Saint Etienne
“When I was ten, I wanted to explore the world.”
Pop begins here.
In a bedroom in the North, the South, the East or the West, softly-lit thanks to the scarf thrown across the lamp – just like Bolan’s, or Bowie’s, or Agnetha’s, or Kylie’s. It comes through headphones black and bulky, or small and cushioned. Down the canal to the drum, the hammer, anvil and stirrup. To the brain, to the blood, to the bones, to the heart.
“I used Top Of The Pops as my world atlas.”
And then we go somewhere wonderful.
Saint Etienne have been away. They left their friends in Turnpike House, pulled the door, turned the lock. That was 2005, a lifetime ago. The morning sun took them in different directions. Across London to the South Bank and the Festival Hall, where they spent a year around its long, lovely corridors as artists-in-residence. Then they made This Is Tomorrow, their tribute to the venue’s half-century. Sarah lent her honeyed vocals to DJ Mark Brown and scored a Top 20 hit with The Journey Continues; Pete hid in his Sussex studio complex turning out glorious remixes; Bob wrote a book that told the story of pop from the beginning.
They also made silver slivers of music together: Method Of Modern Love, Foxbase Beta, Christmas records for their fan club, and revisited and remastered their back catalogue – from Foxbase Alpha to Finisterre. These re-issues were a timely reminder of how much Saint Etienne meant to us, because it was hard to recall a time before we knew Nothing Can Stop Us or Only Love Can Break Your Heart, or Avenue, or He’s On The Phone, or Sarah Cracknell’s smile: “London’s musical laureates” they were now called, “perhaps the only band to capture the teeming variety of the capital.” Pitchfork described the sound of 1991 debut Foxbase Alpha as “an imaginary year-round summer.” The Guardian brought up their “consistently wonderful songwriting.” Eight albums, sixteen Top 40 hits, almost as many Top Of The Pops appearances. Someone mentioned “national treasures”
It has been 21 years.
“Over the border, I’m growing older, heaven only knows what’s on its way.”
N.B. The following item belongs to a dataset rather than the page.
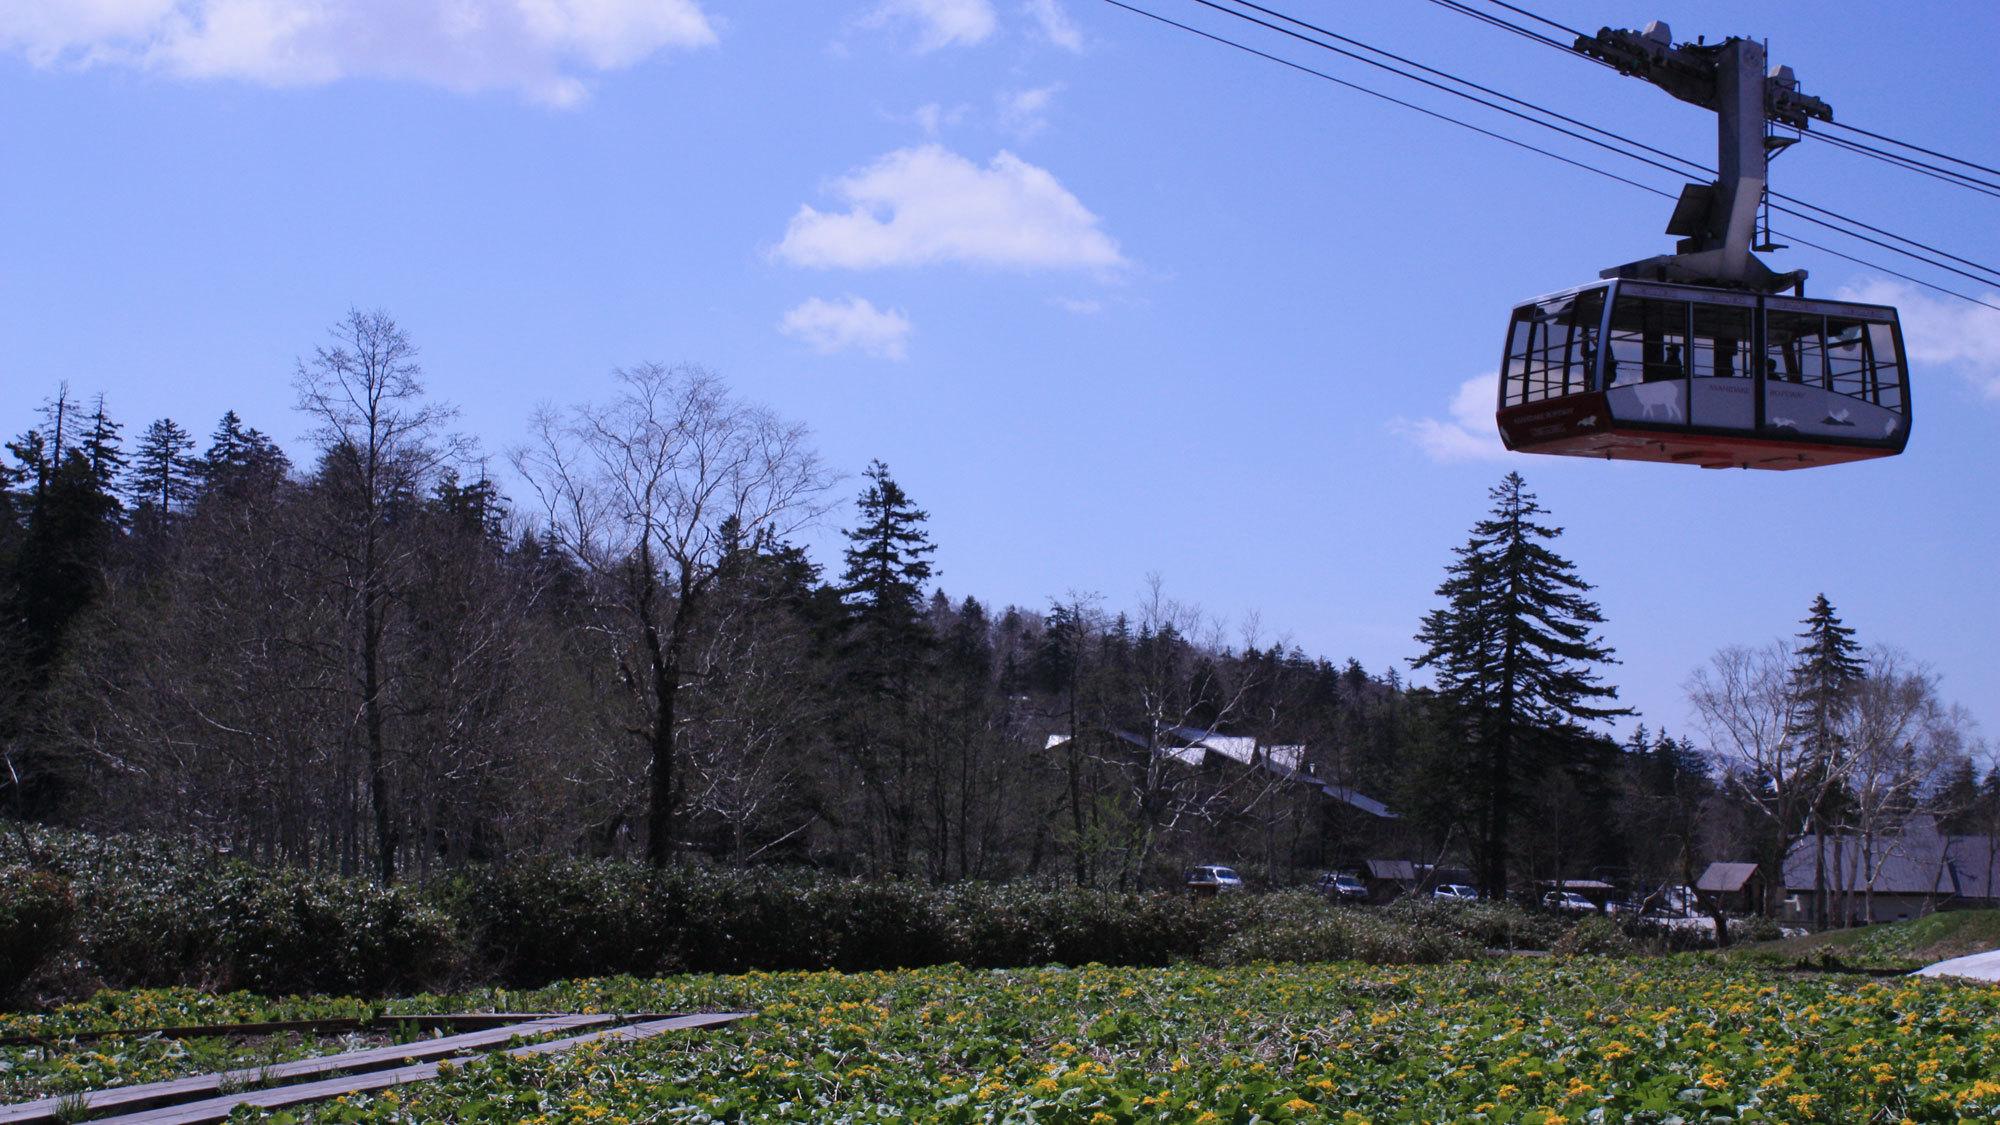 旭岳ロープウェイ山麓駅の前に毎年5月下旬〜6月中旬に咲くエゾノリュウキンカと水芭蕉の大群落
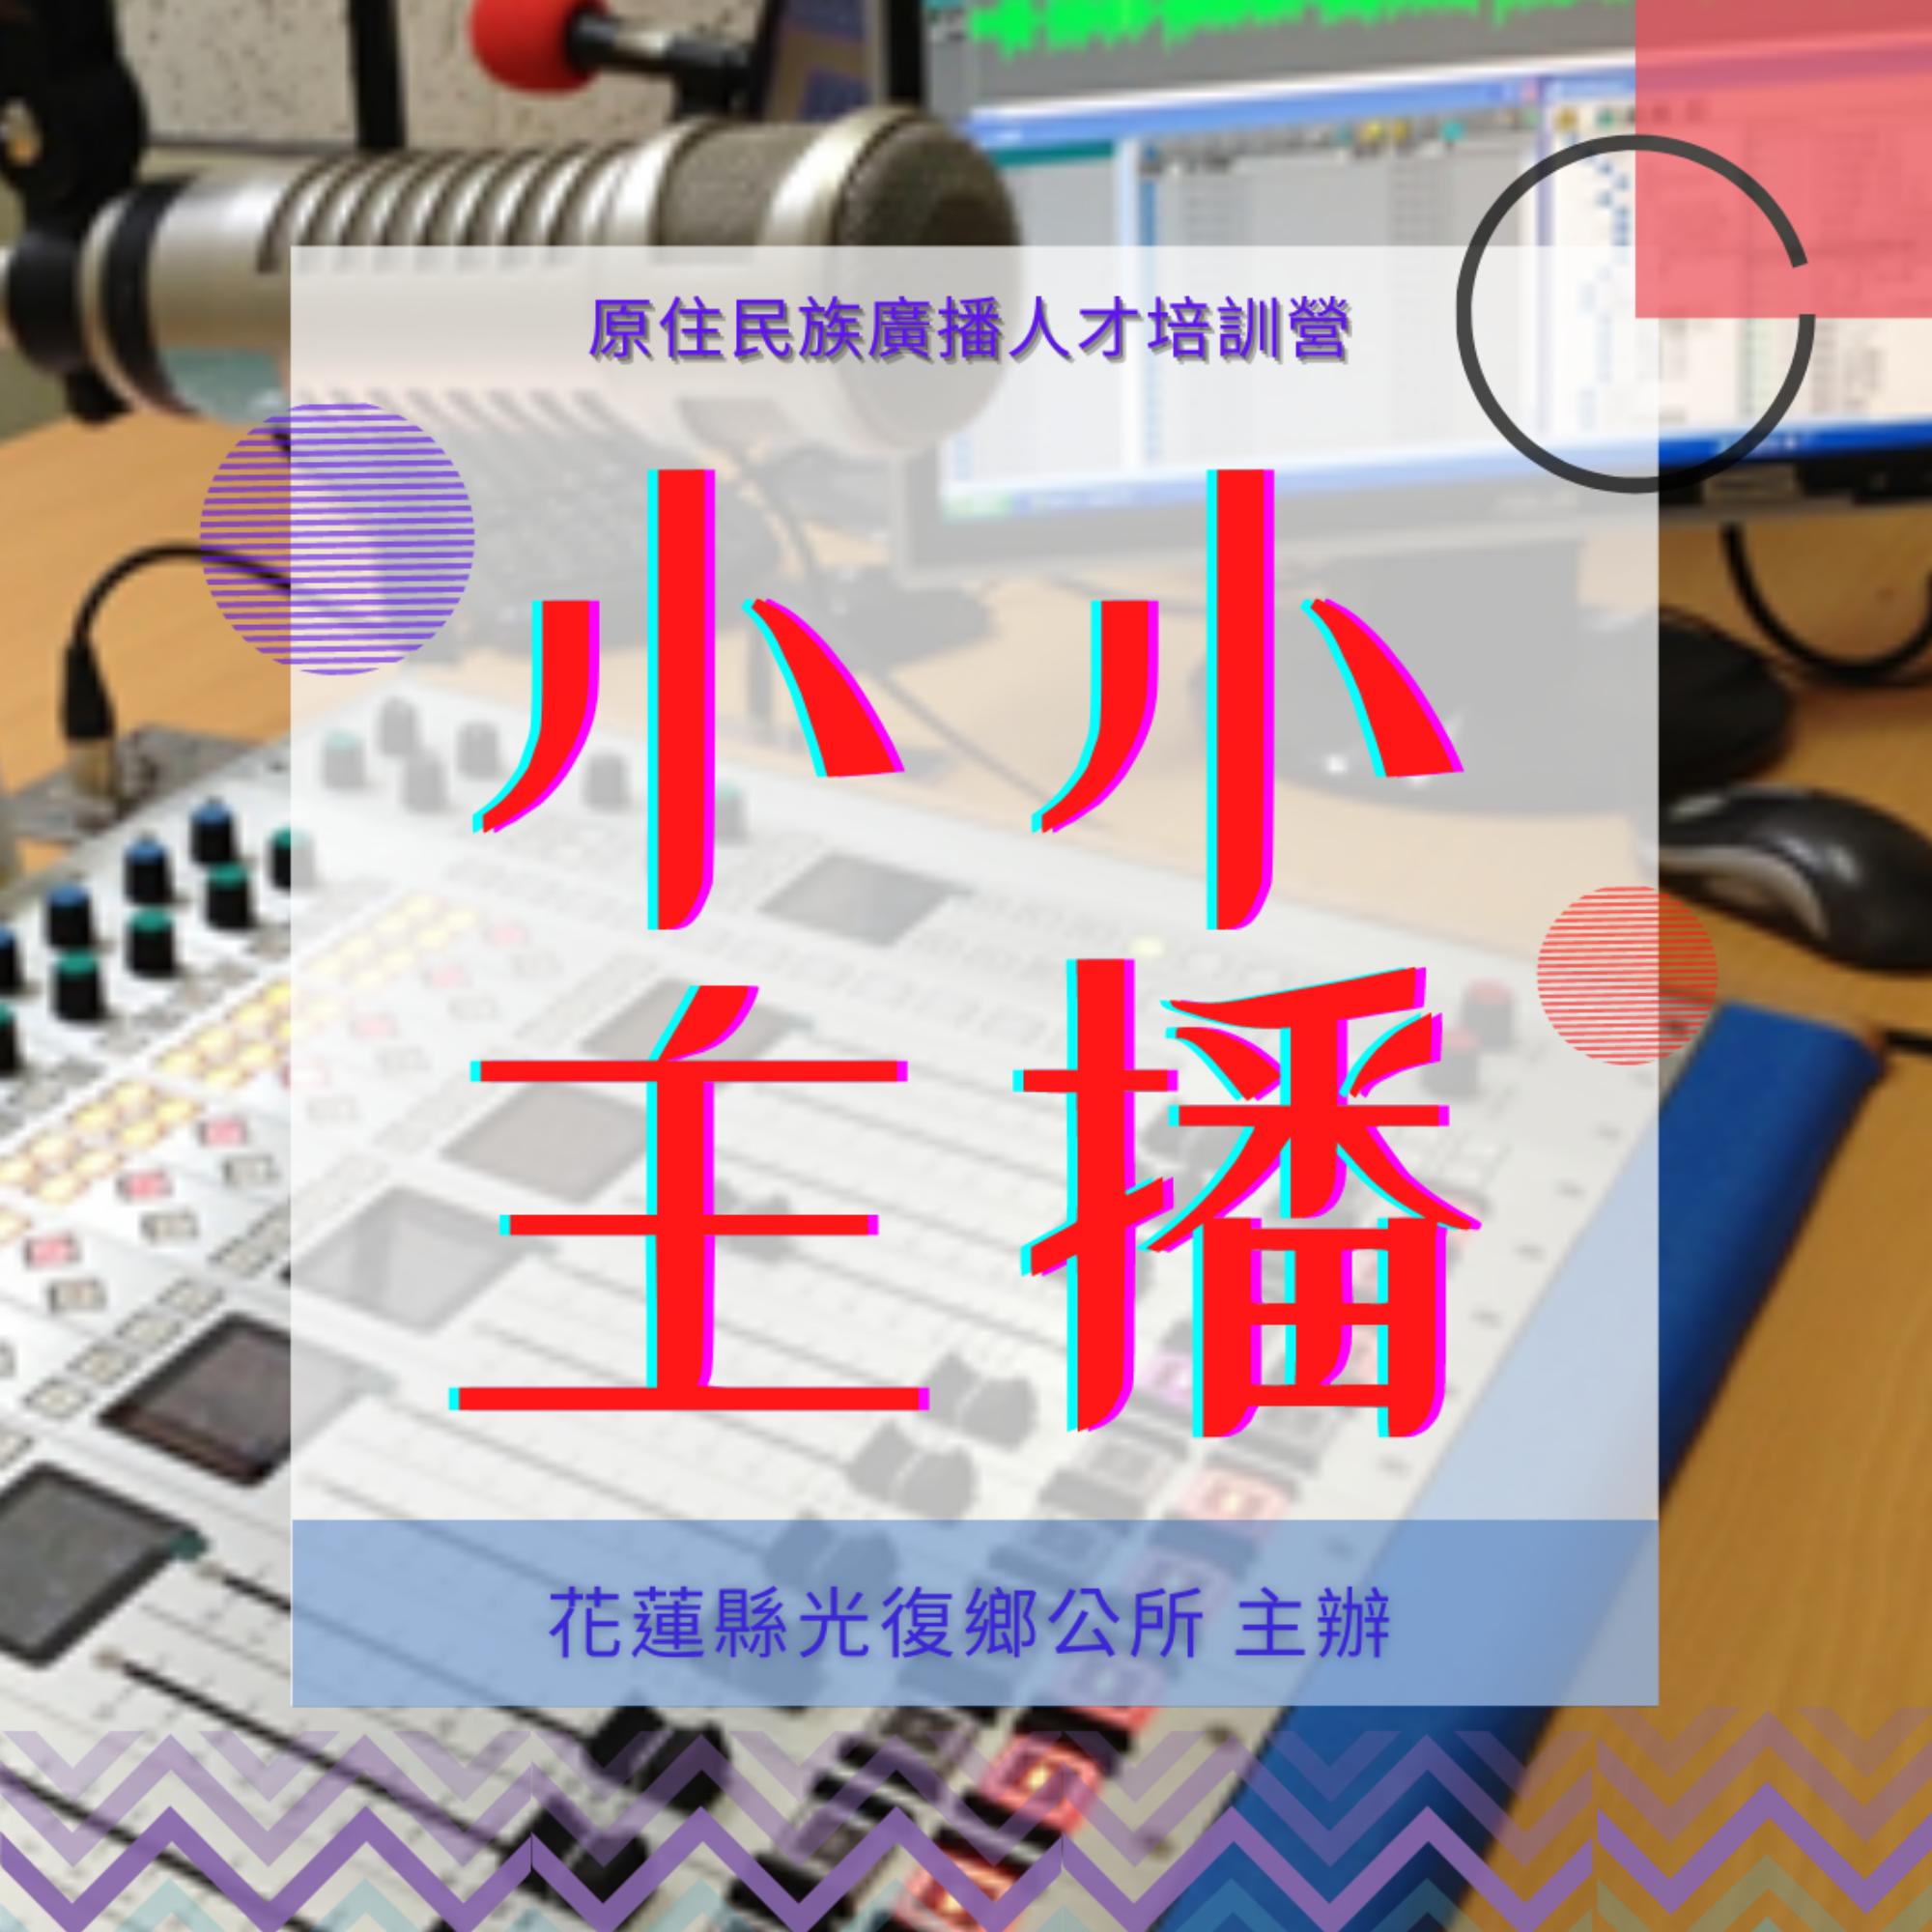 【小小主播營08】江昊:花蓮光復觀光糖廠

Words and Music by Saint Etienne takes us through a life in pop music. It is about energy, rhythm, electricity, sound. How it feels when a chord takes you to another planet. How a lyric can change the course of your life. How a set of notes can catapult you back to a time and a place, to a sensation, deep, alive and true. And how that felt when it first arrived – a shock at first, jolting everything. Then like a balm, light and colour, your best friend, your whole world.
“It would be there for me. It would be there, for me.
And when I was married, and when I had kids, would Marc Bolan still be so important?”
These new songs remind us – demand of us – that this feeling can still be.